* Provided information

--

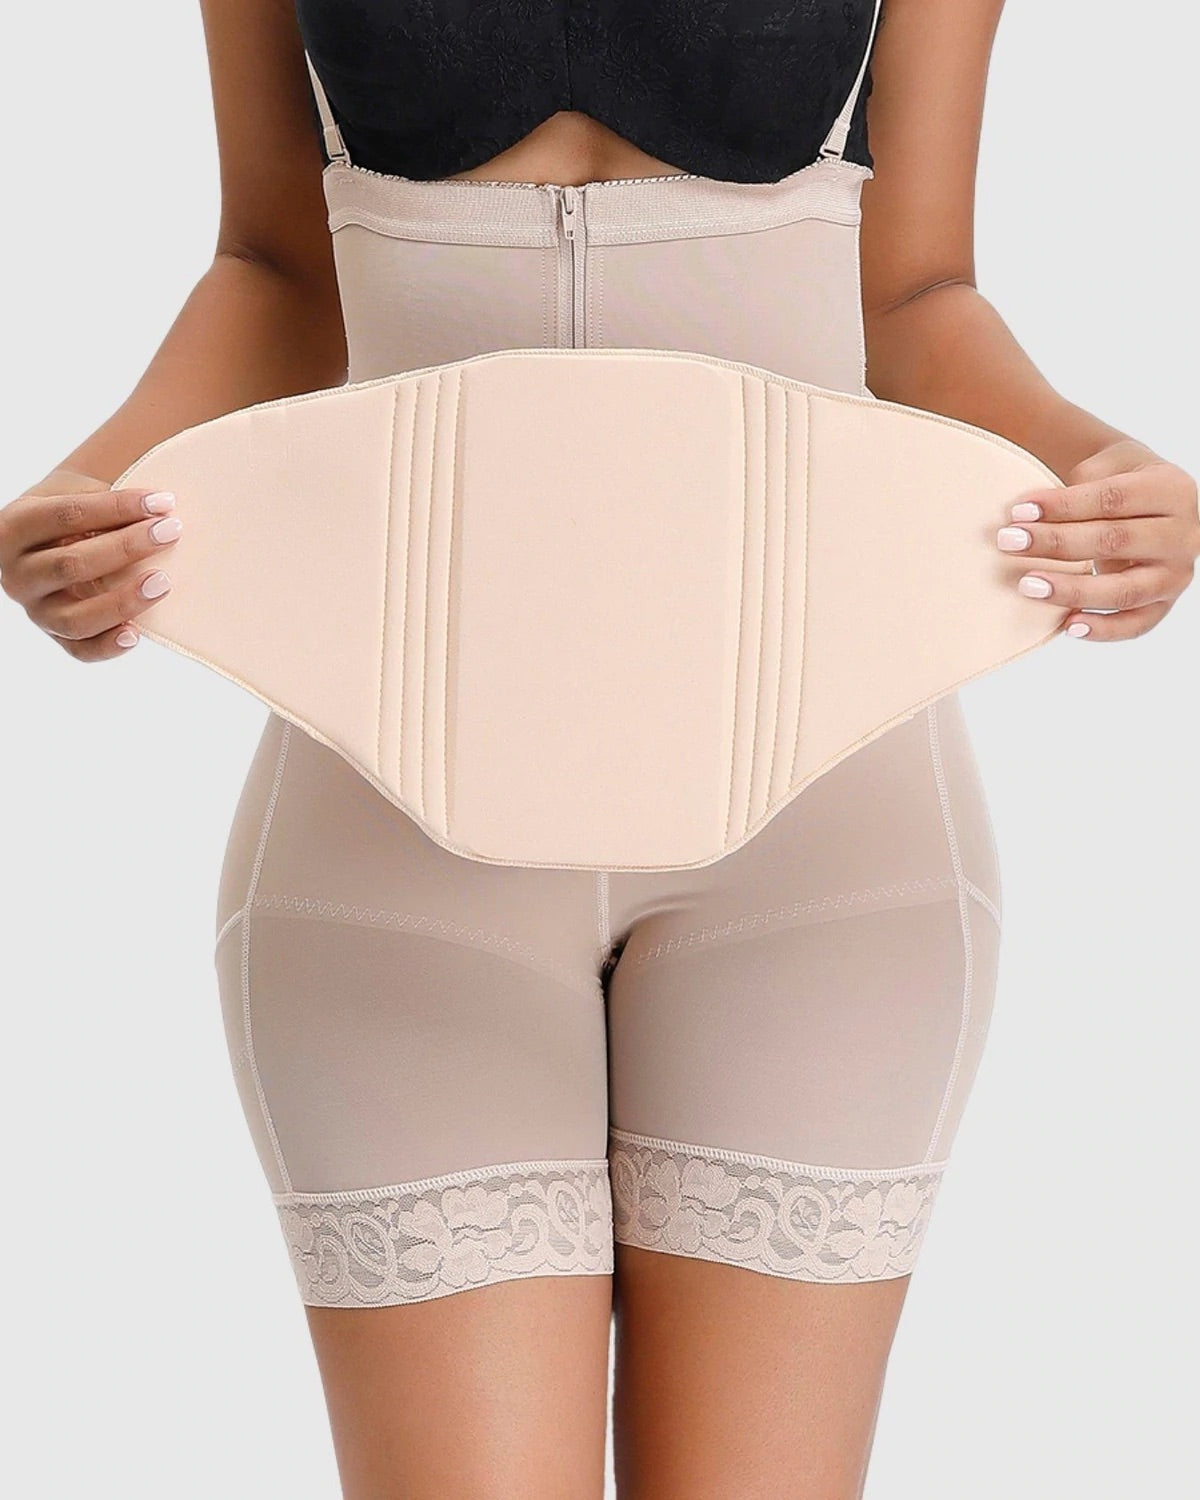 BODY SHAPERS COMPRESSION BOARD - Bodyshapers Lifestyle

--

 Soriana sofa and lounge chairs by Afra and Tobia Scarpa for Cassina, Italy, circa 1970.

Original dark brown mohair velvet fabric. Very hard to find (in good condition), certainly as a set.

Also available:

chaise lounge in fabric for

--

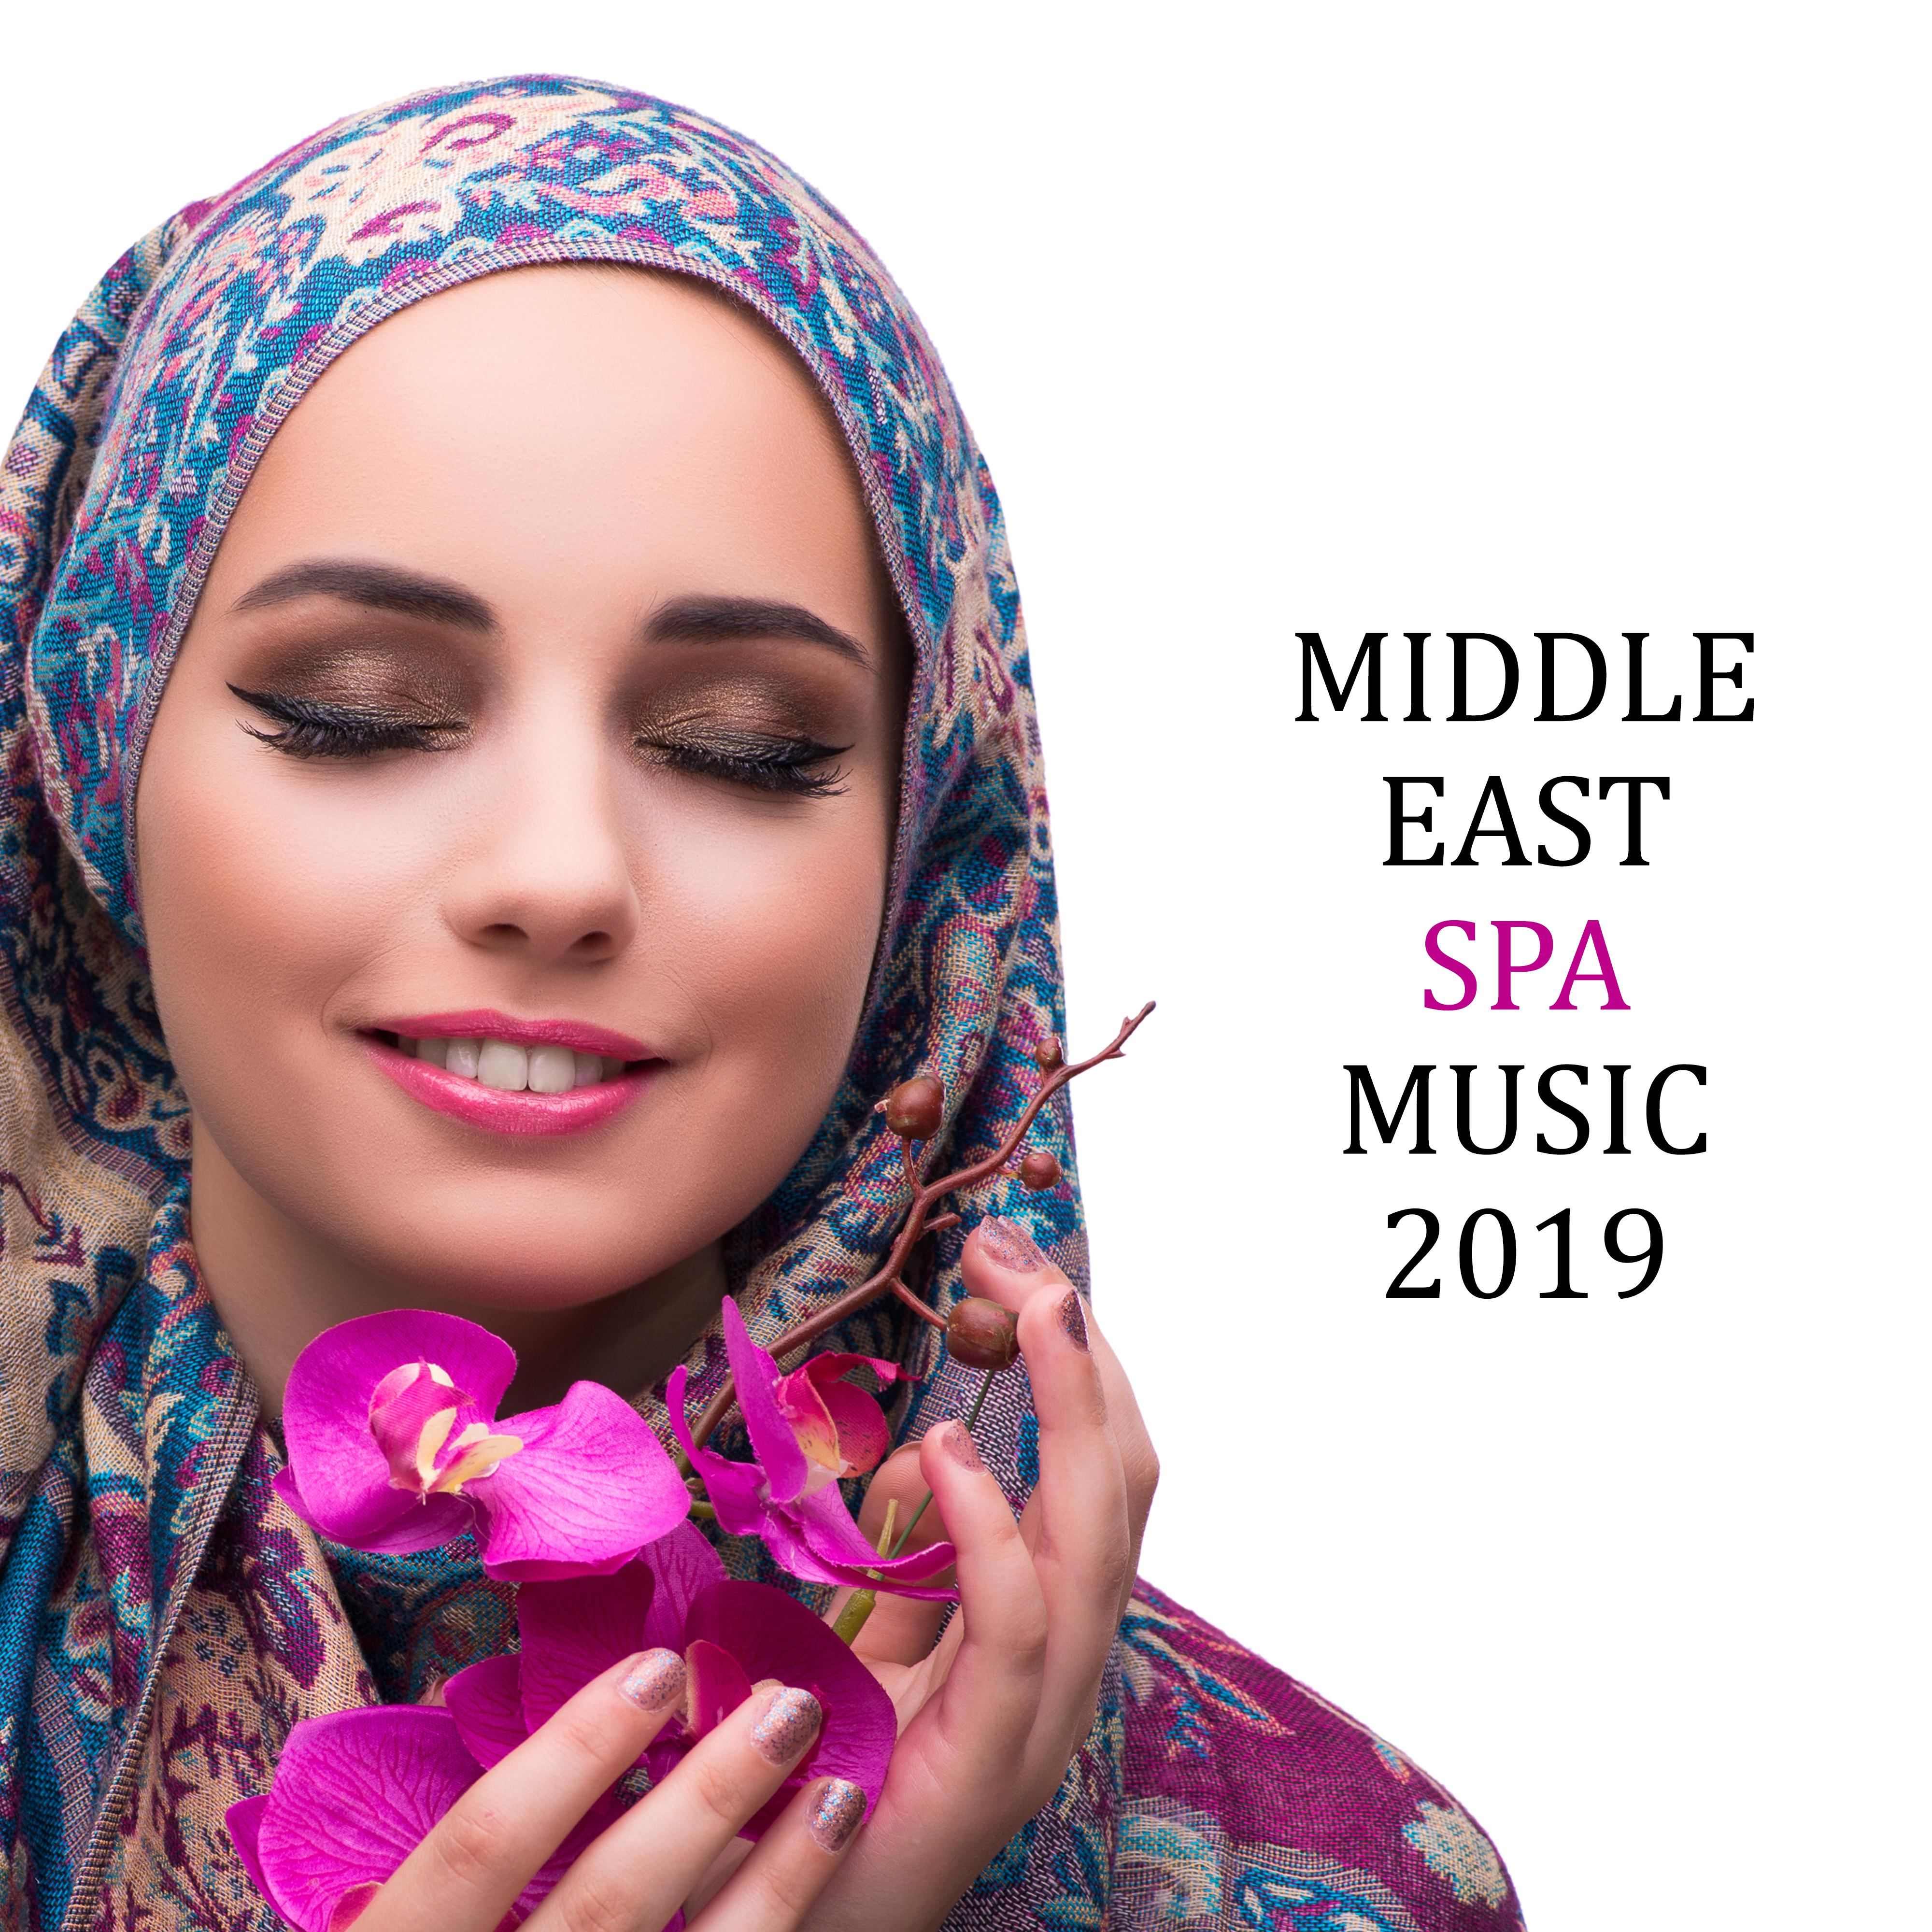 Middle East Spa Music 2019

--

If a line above holds "lounge", count it; say how many such lines there are and nothing else.

2